• **Excerpted records**:
++++

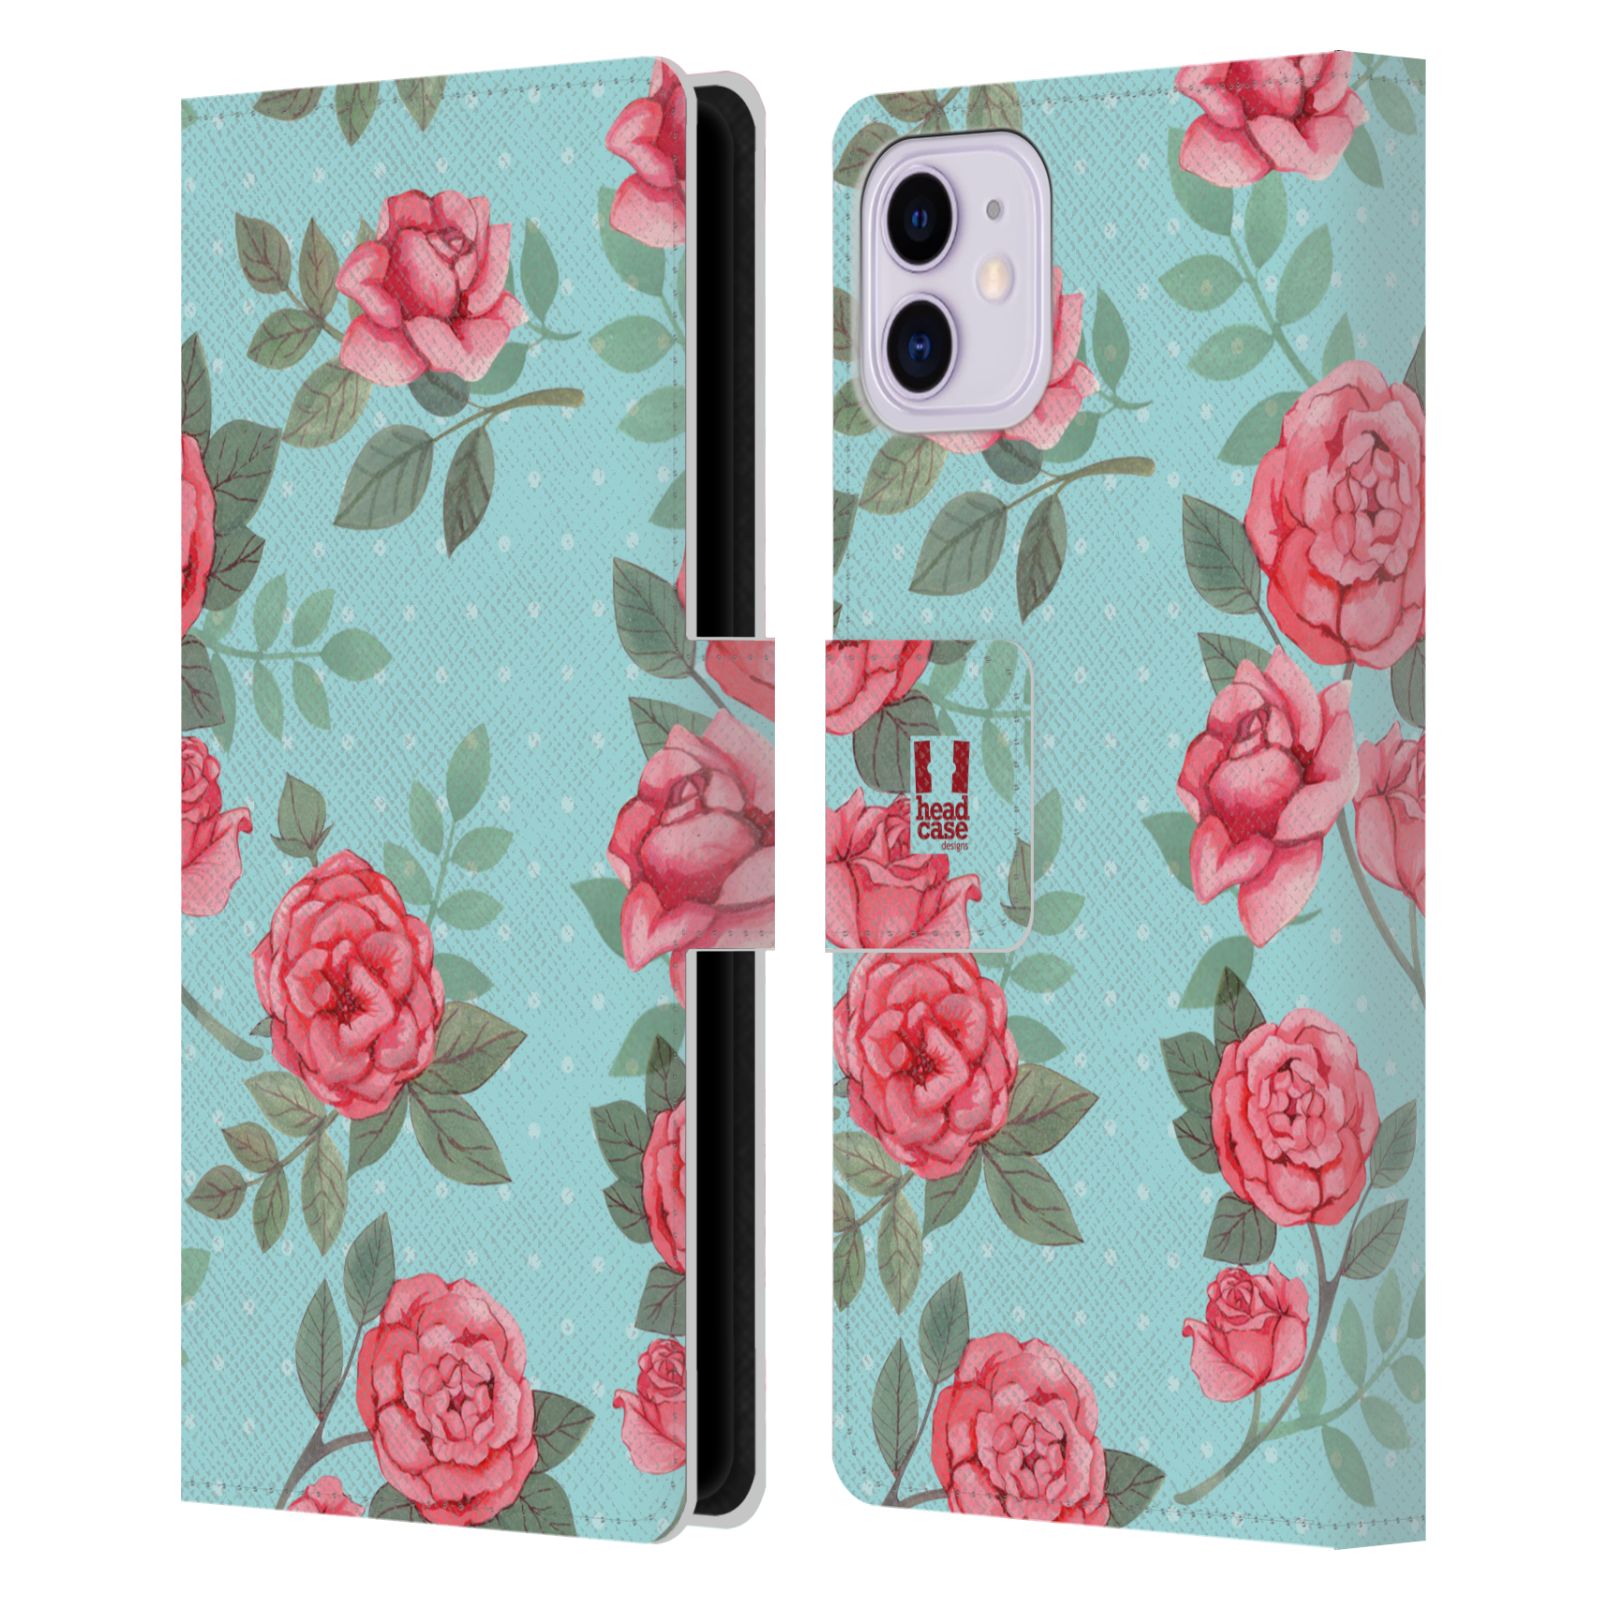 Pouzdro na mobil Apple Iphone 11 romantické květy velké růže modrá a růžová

++++

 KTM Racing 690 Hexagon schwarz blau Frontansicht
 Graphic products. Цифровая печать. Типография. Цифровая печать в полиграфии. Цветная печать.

++++

• **Required work**:
Only one stretch of the entries above is wanted: the lines from the one containing "KTM Racing 690" through the one containing "Graphic products. Цифровая". Please reproduce it exactly.

• **Result of the exercise**:
 KTM Racing 690 Hexagon schwarz blau Frontansicht
 Graphic products. Цифровая печать. Типография. Цифровая печать в полиграфии. Цветная печать.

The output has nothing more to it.